Jens Axboe Dec. 10, 2019, 5:02 p.m. UTC | #2
On 12/10/19 9:55 AM, Matthew Wilcox wrote:
> On Tue, Dec 10, 2019 at 09:24:52AM -0700, Jens Axboe wrote:
>> +/*
>> + * Start writeback on the pages in pgs[], and then try and remove those pages
>> + * from the page cached. Used with RWF_UNCACHED.
>> + */
>> +void write_drop_cached_pages(struct page **pgs, struct address_space *mapping,
>> +			     unsigned *nr)
> 
> It would seem more natural to use a pagevec instead of pgs/nr.

I did look into that, but they are intertwined with LRU etc. I
deliberately avoided the LRU on the read side, as it adds noticeable
overhead and gains us nothing since the pages will be dropped agian.

>> +{
>> +	loff_t start, end;
>> +	int i;
>> +
>> +	end = 0;
>> +	start = LLONG_MAX;
>> +	for (i = 0; i < *nr; i++) {
>> +		struct page *page = pgs[i];
>> +		loff_t off;
>> +
>> +		off = (loff_t) page_to_index(page) << PAGE_SHIFT;
> 
> Isn't that page_offset()?

I guess it is! I'll make that change.

>> +	__filemap_fdatawrite_range(mapping, start, end, WB_SYNC_NONE);
>> +
>> +	for (i = 0; i < *nr; i++) {
>> +		struct page *page = pgs[i];
>> +
>> +		lock_page(page);
>> +		if (page->mapping == mapping) {
> 
> So you're protecting against the page being freed and reallocated to a
> different file, but not against the page being freed and reallocated
> to a location in the same file which is outside (start, end)?

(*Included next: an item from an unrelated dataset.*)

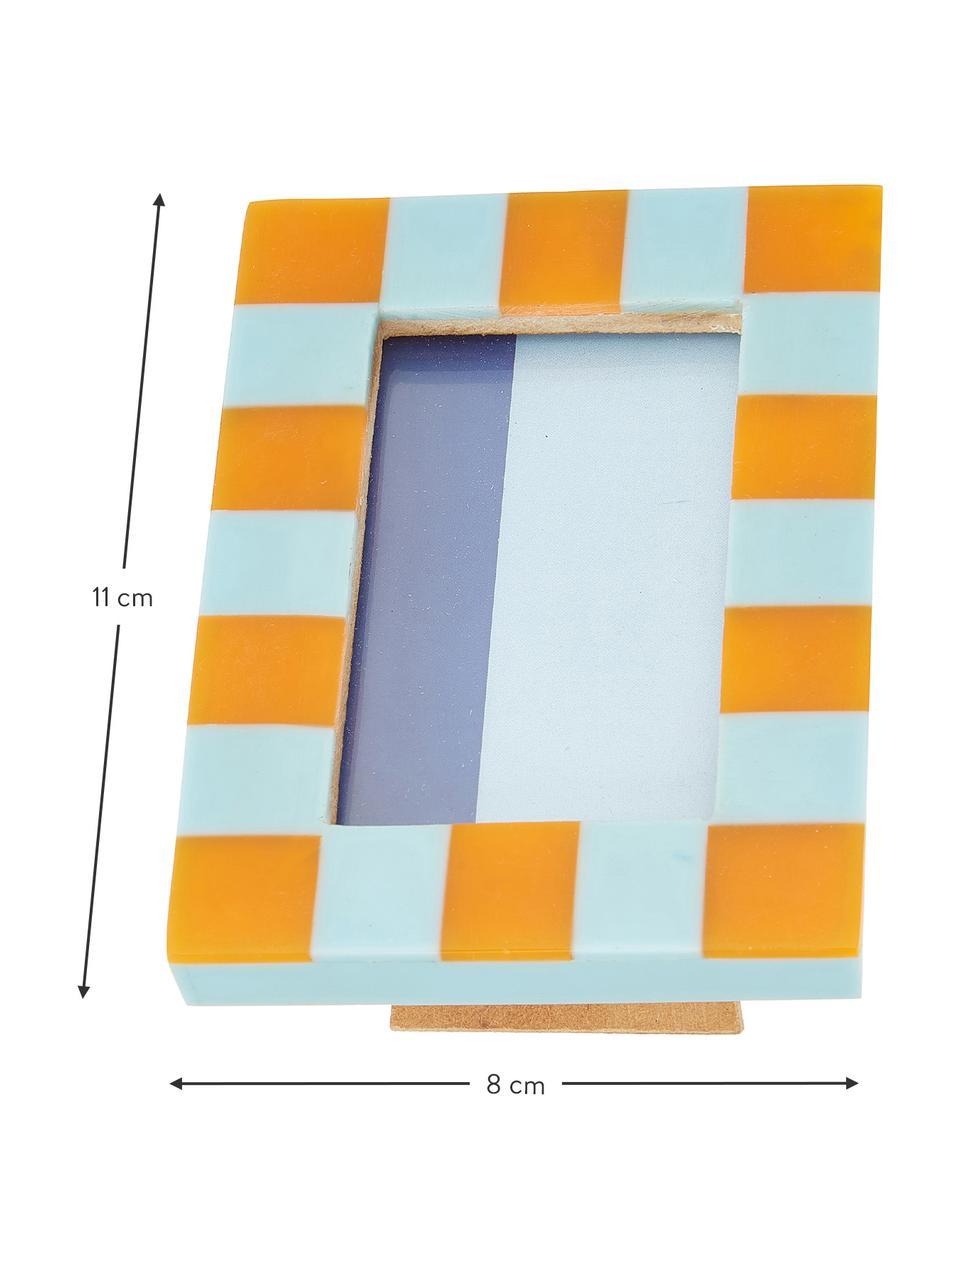 Bilderrahmen Check, Polyresin, Mitteldichte Holzfaserplatte (MDF), Blau, Orange, 8 x 11 cm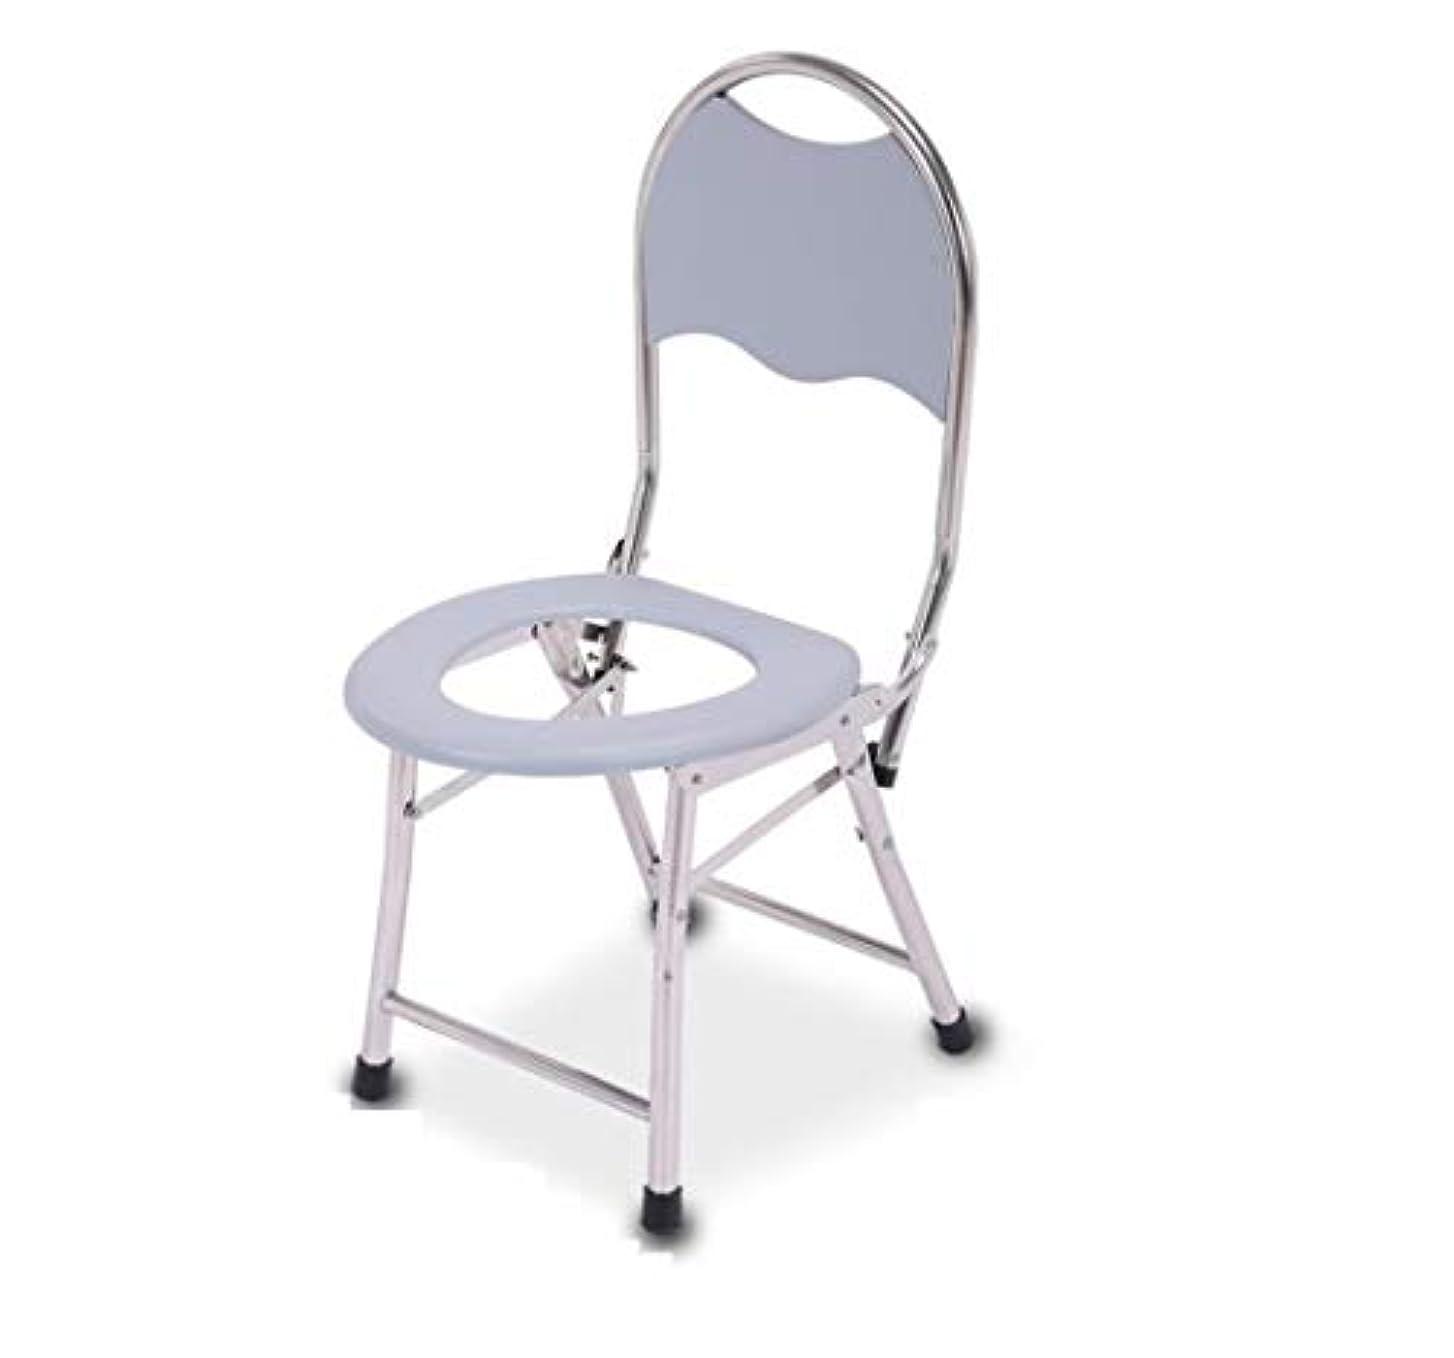 祈り遅滞包囲便器椅子、大人用便座、安全ステンレス鋼滑り止めシャワー椅子、携帯用しゃがむパン

I guess so, we can add that too, probably just check if the index is
still the same. More of a behavioral thing, shouldn't be any
correctness issues there.
Chris Mason Dec. 10, 2019, 6:35 p.m. UTC | #3
On 10 Dec 2019, at 12:02, Jens Axboe wrote:

> On 12/10/19 9:55 AM, Matthew Wilcox wrote:
>> On Tue, Dec 10, 2019 at 09:24:52AM -0700, Jens Axboe wrote:
>>> +/*
>>> + * Start writeback on the pages in pgs[], and then try and remove 
>>> those pages
>>> + * from the page cached. Used with RWF_UNCACHED.
>>> + */
>>> +void write_drop_cached_pages(struct page **pgs, struct 
>>> address_space *mapping,
>>> +			     unsigned *nr)
>>
>> It would seem more natural to use a pagevec instead of pgs/nr.
>
> I did look into that, but they are intertwined with LRU etc. I
> deliberately avoided the LRU on the read side, as it adds noticeable
> overhead and gains us nothing since the pages will be dropped agian.
>
>>> +{
>>> +	loff_t start, end;
>>> +	int i;
>>> +
>>> +	end = 0;
>>> +	start = LLONG_MAX;
>>> +	for (i = 0; i < *nr; i++) {
>>> +		struct page *page = pgs[i];
>>> +		loff_t off;
>>> +
>>> +		off = (loff_t) page_to_index(page) << PAGE_SHIFT;
>>
>> Isn't that page_offset()?
>
> I guess it is! I'll make that change.
>
>>> +	__filemap_fdatawrite_range(mapping, start, end, WB_SYNC_NONE);
>>> +
>>> +	for (i = 0; i < *nr; i++) {
>>> +		struct page *page = pgs[i];
>>> +
>>> +		lock_page(page);
>>> +		if (page->mapping == mapping) {
>>
>> So you're protecting against the page being freed and reallocated to 
>> a
>> different file, but not against the page being freed and reallocated
>> to a location in the same file which is outside (start, end)?
>
> I guess so, we can add that too, probably just check if the index is
> still the same. More of a behavioral thing, shouldn't be any
> correctness issues there.

Since we have a reference on the page, the mapping can go to NULL but 
otherwise it should stay in the same mapping at the same offset.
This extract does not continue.